Exercise inputs:
-- -- --

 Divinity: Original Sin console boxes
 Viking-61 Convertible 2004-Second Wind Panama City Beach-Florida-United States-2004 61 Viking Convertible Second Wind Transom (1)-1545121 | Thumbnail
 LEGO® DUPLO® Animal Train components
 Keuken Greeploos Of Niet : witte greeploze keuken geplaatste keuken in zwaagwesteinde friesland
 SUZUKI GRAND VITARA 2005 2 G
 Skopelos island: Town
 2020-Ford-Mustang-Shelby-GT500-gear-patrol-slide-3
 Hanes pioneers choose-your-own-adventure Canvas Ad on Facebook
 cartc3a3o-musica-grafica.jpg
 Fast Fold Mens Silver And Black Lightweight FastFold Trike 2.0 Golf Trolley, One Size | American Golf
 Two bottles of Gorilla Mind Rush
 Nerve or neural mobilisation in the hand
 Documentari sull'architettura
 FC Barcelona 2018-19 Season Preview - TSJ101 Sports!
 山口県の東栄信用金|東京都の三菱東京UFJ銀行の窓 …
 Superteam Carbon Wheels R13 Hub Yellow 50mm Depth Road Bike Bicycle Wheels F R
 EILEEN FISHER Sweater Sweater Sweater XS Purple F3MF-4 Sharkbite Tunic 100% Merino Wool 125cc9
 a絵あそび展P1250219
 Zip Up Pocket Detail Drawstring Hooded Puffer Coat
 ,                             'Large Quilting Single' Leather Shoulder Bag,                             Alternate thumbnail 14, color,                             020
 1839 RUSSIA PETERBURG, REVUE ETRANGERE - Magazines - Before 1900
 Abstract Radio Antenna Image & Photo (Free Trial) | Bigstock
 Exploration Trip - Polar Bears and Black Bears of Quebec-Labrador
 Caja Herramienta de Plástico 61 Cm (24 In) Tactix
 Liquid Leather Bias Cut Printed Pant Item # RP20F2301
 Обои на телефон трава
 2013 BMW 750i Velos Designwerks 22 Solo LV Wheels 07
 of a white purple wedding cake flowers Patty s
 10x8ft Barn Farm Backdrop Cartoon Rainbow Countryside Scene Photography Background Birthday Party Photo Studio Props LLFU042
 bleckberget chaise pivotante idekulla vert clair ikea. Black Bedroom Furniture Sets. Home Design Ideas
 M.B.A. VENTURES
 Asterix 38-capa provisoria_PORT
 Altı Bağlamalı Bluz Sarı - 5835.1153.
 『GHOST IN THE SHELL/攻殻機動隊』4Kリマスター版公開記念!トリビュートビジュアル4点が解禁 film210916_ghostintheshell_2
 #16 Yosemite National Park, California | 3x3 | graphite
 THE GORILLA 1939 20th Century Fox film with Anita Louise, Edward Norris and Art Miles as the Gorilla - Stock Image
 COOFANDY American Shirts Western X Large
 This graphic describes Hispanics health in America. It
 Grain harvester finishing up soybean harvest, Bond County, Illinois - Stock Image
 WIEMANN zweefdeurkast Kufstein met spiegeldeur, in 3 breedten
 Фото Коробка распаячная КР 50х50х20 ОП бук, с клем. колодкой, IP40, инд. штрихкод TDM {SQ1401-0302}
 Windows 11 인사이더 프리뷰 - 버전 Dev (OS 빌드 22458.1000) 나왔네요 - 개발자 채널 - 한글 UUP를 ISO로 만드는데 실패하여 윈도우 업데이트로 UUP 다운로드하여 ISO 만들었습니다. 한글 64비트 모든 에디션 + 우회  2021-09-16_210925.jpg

-- -- --

Your goal:
Once more and in full, please write out the listing above exactly.

Answer to this problem:
 Divinity: Original Sin console boxes
 Viking-61 Convertible 2004-Second Wind Panama City Beach-Florida-United States-2004 61 Viking Convertible Second Wind Transom (1)-1545121 | Thumbnail
 LEGO® DUPLO® Animal Train components
 Keuken Greeploos Of Niet : witte greeploze keuken geplaatste keuken in zwaagwesteinde friesland
 SUZUKI GRAND VITARA 2005 2 G
 Skopelos island: Town
 2020-Ford-Mustang-Shelby-GT500-gear-patrol-slide-3
 Hanes pioneers choose-your-own-adventure Canvas Ad on Facebook
 cartc3a3o-musica-grafica.jpg
 Fast Fold Mens Silver And Black Lightweight FastFold Trike 2.0 Golf Trolley, One Size | American Golf
 Two bottles of Gorilla Mind Rush
 Nerve or neural mobilisation in the hand
 Documentari sull'architettura
 FC Barcelona 2018-19 Season Preview - TSJ101 Sports!
 山口県の東栄信用金|東京都の三菱東京UFJ銀行の窓 …
 Superteam Carbon Wheels R13 Hub Yellow 50mm Depth Road Bike Bicycle Wheels F R
 EILEEN FISHER Sweater Sweater Sweater XS Purple F3MF-4 Sharkbite Tunic 100% Merino Wool 125cc9
 a絵あそび展P1250219
 Zip Up Pocket Detail Drawstring Hooded Puffer Coat
 ,                             'Large Quilting Single' Leather Shoulder Bag,                             Alternate thumbnail 14, color,                             020
 1839 RUSSIA PETERBURG, REVUE ETRANGERE - Magazines - Before 1900
 Abstract Radio Antenna Image & Photo (Free Trial) | Bigstock
 Exploration Trip - Polar Bears and Black Bears of Quebec-Labrador
 Caja Herramienta de Plástico 61 Cm (24 In) Tactix
 Liquid Leather Bias Cut Printed Pant Item # RP20F2301
 Обои на телефон трава
 2013 BMW 750i Velos Designwerks 22 Solo LV Wheels 07
 of a white purple wedding cake flowers Patty s
 10x8ft Barn Farm Backdrop Cartoon Rainbow Countryside Scene Photography Background Birthday Party Photo Studio Props LLFU042
 bleckberget chaise pivotante idekulla vert clair ikea. Black Bedroom Furniture Sets. Home Design Ideas
 M.B.A. VENTURES
 Asterix 38-capa provisoria_PORT
 Altı Bağlamalı Bluz Sarı - 5835.1153.
 『GHOST IN THE SHELL/攻殻機動隊』4Kリマスター版公開記念!トリビュートビジュアル4点が解禁 film210916_ghostintheshell_2
 #16 Yosemite National Park, California | 3x3 | graphite
 THE GORILLA 1939 20th Century Fox film with Anita Louise, Edward Norris and Art Miles as the Gorilla - Stock Image
 COOFANDY American Shirts Western X Large
 This graphic describes Hispanics health in America. It
 Grain harvester finishing up soybean harvest, Bond County, Illinois - Stock Image
 WIEMANN zweefdeurkast Kufstein met spiegeldeur, in 3 breedten
 Фото Коробка распаячная КР 50х50х20 ОП бук, с клем. колодкой, IP40, инд. штрихкод TDM {SQ1401-0302}
 Windows 11 인사이더 프리뷰 - 버전 Dev (OS 빌드 22458.1000) 나왔네요 - 개발자 채널 - 한글 UUP를 ISO로 만드는데 실패하여 윈도우 업데이트로 UUP 다운로드하여 ISO 만들었습니다. 한글 64비트 모든 에디션 + 우회  2021-09-16_210925.jpg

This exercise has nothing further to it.